Hartman, who debuted his new 75-foot double disc drill at the Crop Production Show in Saskatoon earlier this month, said replacing bearings on any modern disc drill is no longer acceptable.

“So, I buy special bearings that will last the lifetime of the drill,” he said.

“If you grease them according to recommendations, they’ll last as long as you.”

He said the design of the 75-foot Gen II two-row frame is fresh because the drill carries more weight than the Gen I. The new frame is in response to farmer requests for a bigger canola drill.

“We have guys buying our disc drills specifically for their canola because they follow the ground so well,” he said.

“Now, I don’t want people thinking the double disc drill is just for canola. Guys use it for all their other crops, too. We needed this bigger heavier Gen II frame for a couple of reasons. We’re selling a lot of mid-row banders, so we needed a frame that has space for them and can carry that much additional weight. Plus, the Gen II folds up a lot nicer than the Gen I.”

He said seed placement is excellent with this combination of frame and openers, but building a 75-foot frame comes with different challenges than does a 40 or 60 foot drill.

Hartman said the top slung hitch makes it easier to install the mid-row fertilizer banding coulters. The Gen II now uses hydraulics for the fore/aft levelling adjustments, saving time when changing seeding depth.

The powder-coated frame is four by six by 3/8 inch box tubing. The Gen II is available in a three-section, 34-foot frame, up to a five-section, 74-foot frame.

Hartman’s new 4612 parallel link, double disc openers, designed specifically for the Gen II frame, are based on 25 years of seeding system analysis.

“We’ve evolved through a lot of openers since the old 2612 series,” he said.

“The 4612 is the culmination of everything we’ve learned over the years.

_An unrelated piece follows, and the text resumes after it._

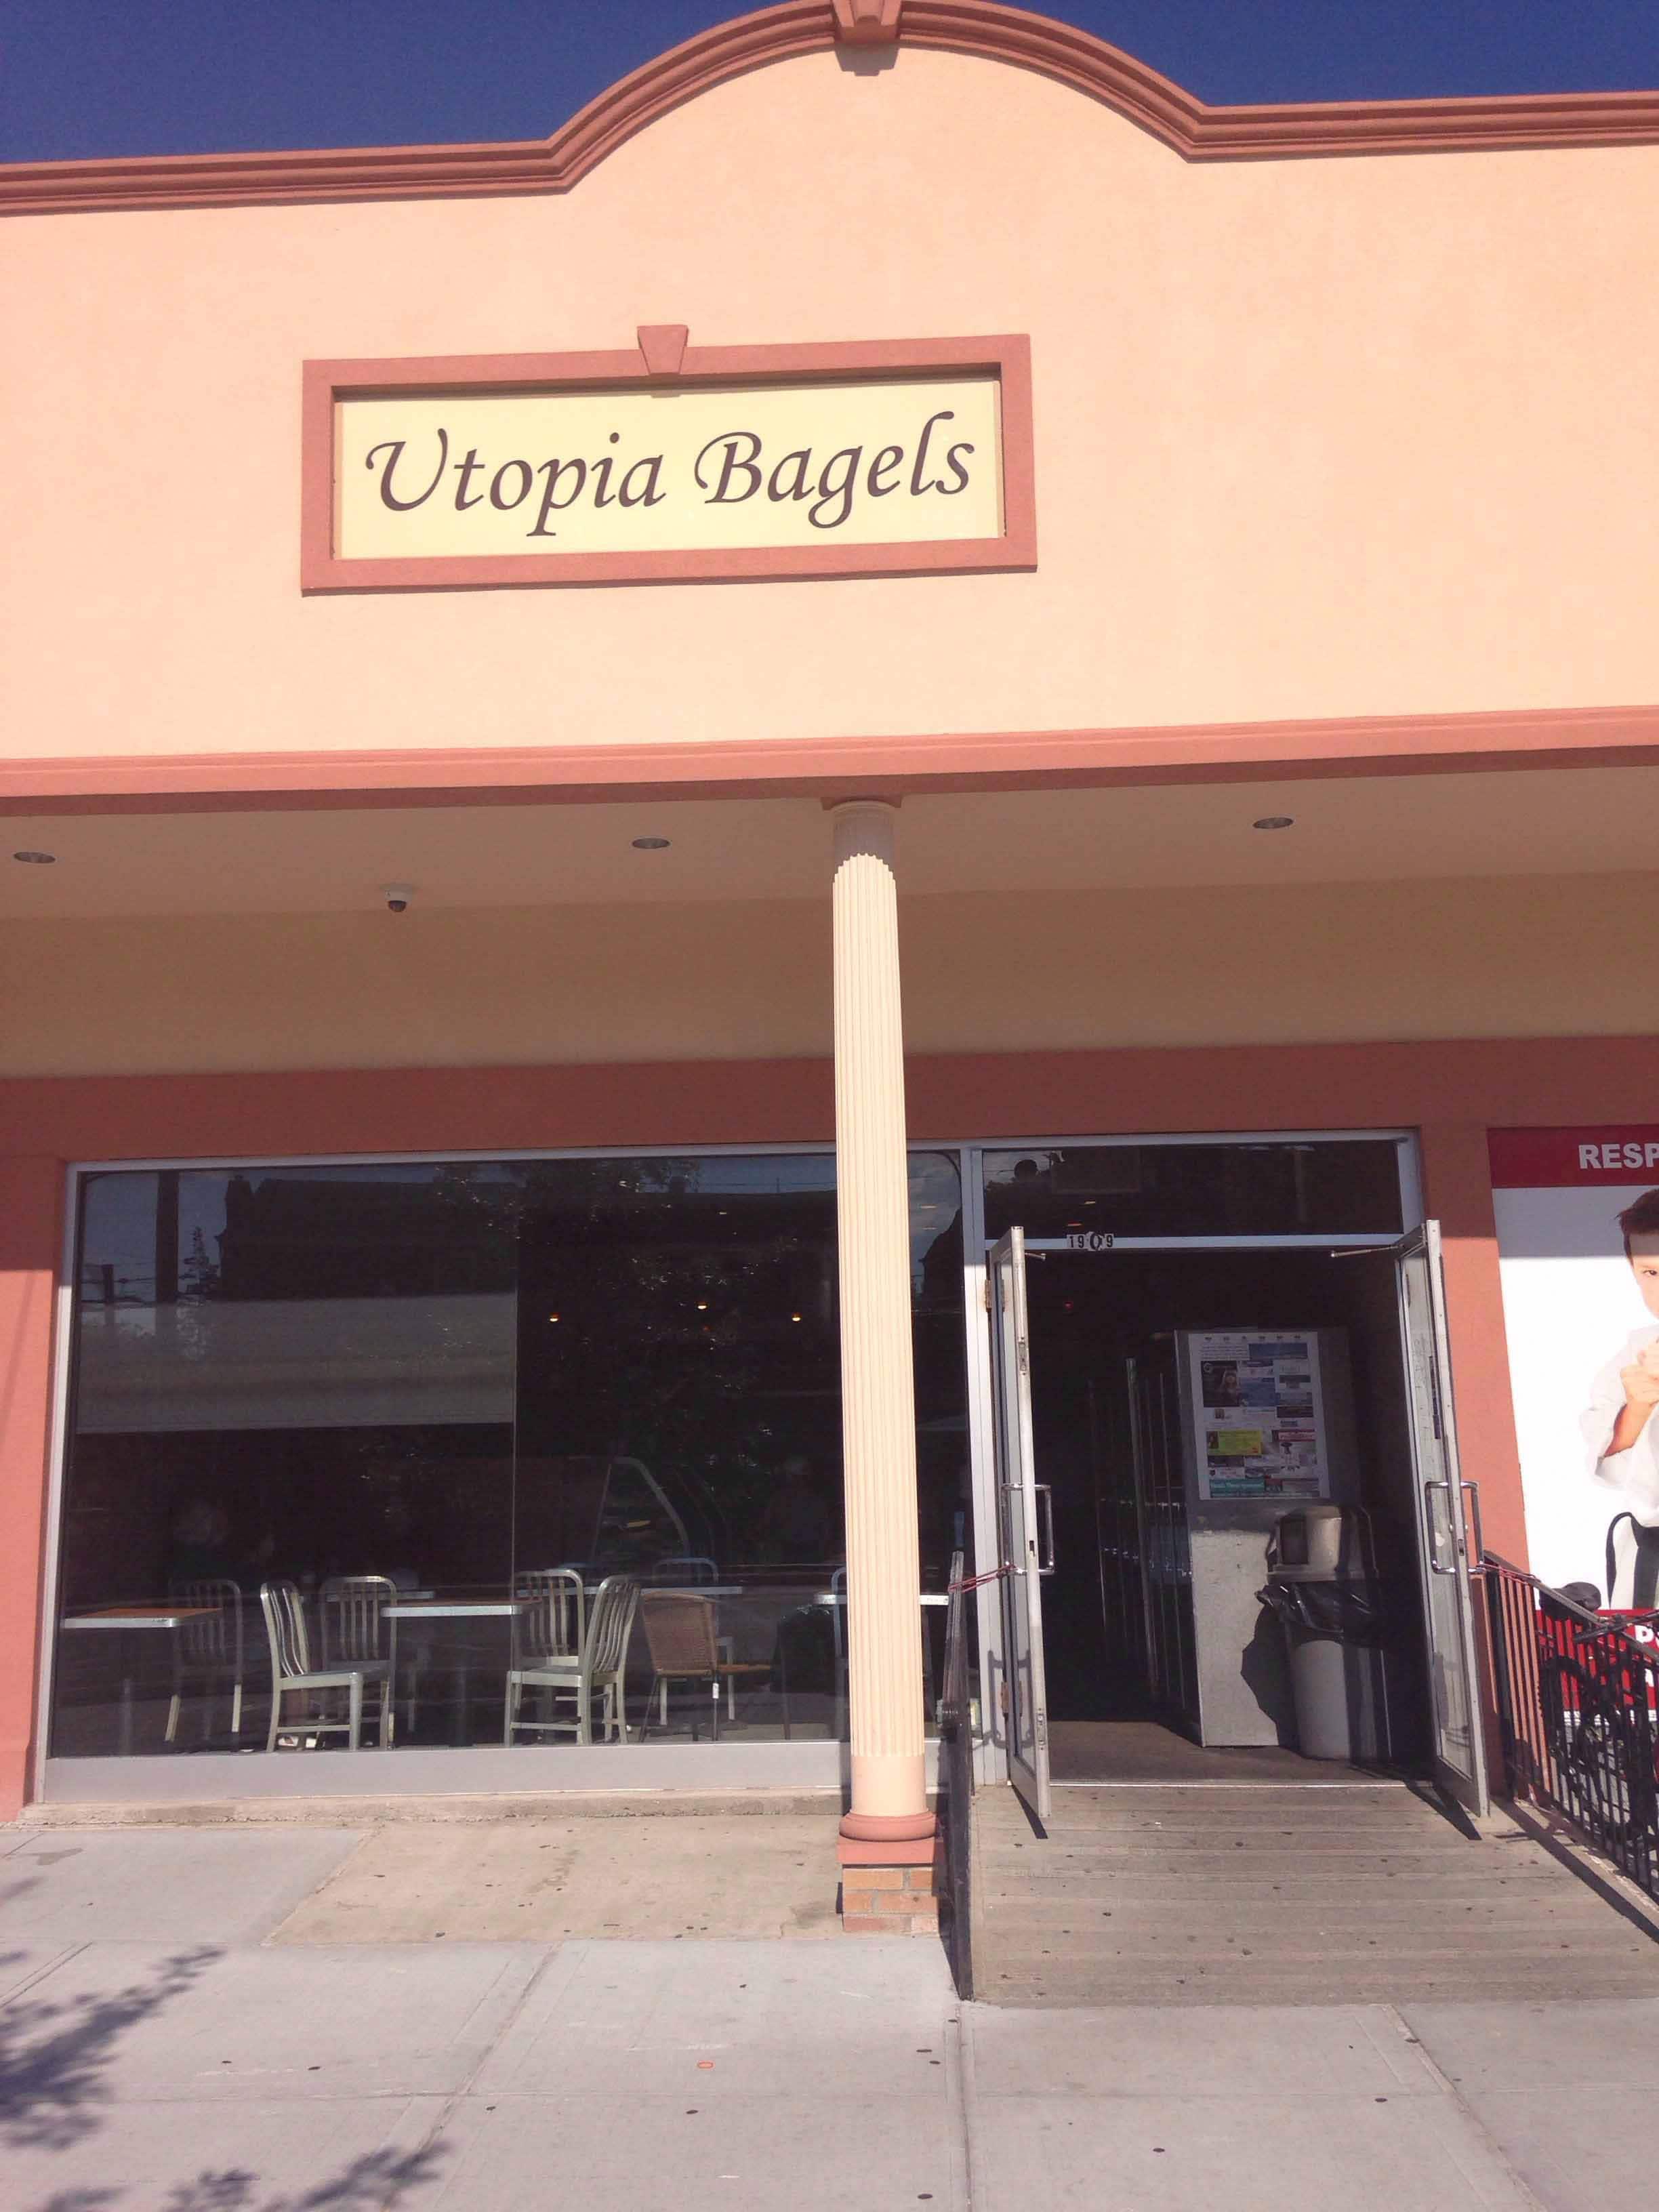 buy utopia bagels

We took all the neat features from previous series and incorporated them into the 4612.”

The opener trip mechanism allows for 10 inches vertical travel. Six pressure settings from 120 to 800 pounds can be selected without using tools.

Without tools, packers are set to set establish seeding depth in half inch increments.

In the working position, the packer rests against an adjustable cam stop that provides positive disc depth control.

When the opener rides up over a rock, the packer is spring loaded in the opposite direction so it stays on the ground to maintain packing pressure. Packer force is adjustable from 20 to 150 lb.

Disc size is 16 inches across most of the frame and 17 inches on the openers that follow the path of the tractor’s tires. Right and left hand disc geometry is designed to ensure that the drill tracks squarely.

“Crop Production was the first time we’ve publicly shown the new mid-row banding kits. They’re 100 percent K-Hart built,” Hartman said.

“We have a separate linkage system running in front of the double disc openers. We now have hydraulics so you can lift the whole coulter bar for those fields where you don’t need it.”

K-Hart mid-row coulters and double disc openers have spring loaded trip mechanisms as standard equipment, but they are engineered so individual hydraulic cylinders can be installed.

“But most of our customers told us to stay with springs only,” he said.

“People are concerned about leaking hoses and high maintenance costs with hydraulics. So we kept the springs.”

Hartman said 1,500 lb. of slicing power makes the 1600 series fertilizer coulters the most powerful in the industry. They also have the fewest moving parts.

“They have a unique linkage system that acts much like parallel linkage,” he said.

“When the blade hits a rock and rises up out of the soil, the fertilizer attachment stays in the ground and continues dispensing fertilizer at the same depth.”

The mid-row banding system is suitable for granular, liquid or anhydrous. The 1600 series has five coulter options.

Hartman installed large, 206, double row ball bearing units in all hubs. He said the 206 is better than the lower-cost tapered 204 and 205 bearings he sees in most other disc drills.

Salford is the only other manufacturer he knows of with 206 bearings.

“This year, we’ve taken it one step further. The inner race and two outer seals are stainless steel,” he said.

“We have triple seals on both sides, but it still has a greasable nipple. You should grease it once a year, probably at the end of seeding. You can pump grease into those nipples all day long and you will not hurt the seals.”

He said a good dollop of pressurized grease charges the housing. Any contaminant that might have snuck through the seals will be pushed out by the fresh grease.

“These bearings will last the lifetime of the drill if they get greased once a year or about every 5,000 acres.”

Hartman said that if a double disc drill does a better job of accurately placing seed and parallel linkage does a better job of controlling those discs, then it follows that a double disc drill on parallel linkage should provide the ultimate in seed placement.

“That’s for sure. And that’s what customers tell us,” he said.

“They say the combination of discs and parallel linkage lets the openers follow the surface contour very well. That’s why the canola guys want these drills.”

Hartman still sells 3612 openers, which are double disc but not parallel linkage.

“Farmers have gotten so hung up on this term ‘parallel linkage.’ It seems to grab so much attention,” he said.

“As manufacturers, we all build to meet the farmers’ needs. If enough farmers tell us they need parallel linkage, then that’s what the industry builds.

“But a previous generation opener like the 3612 is still good. It’s simple and reliable and does a good job of seed placement. It all comes down to what you should buy for the best seed placement on your farm.”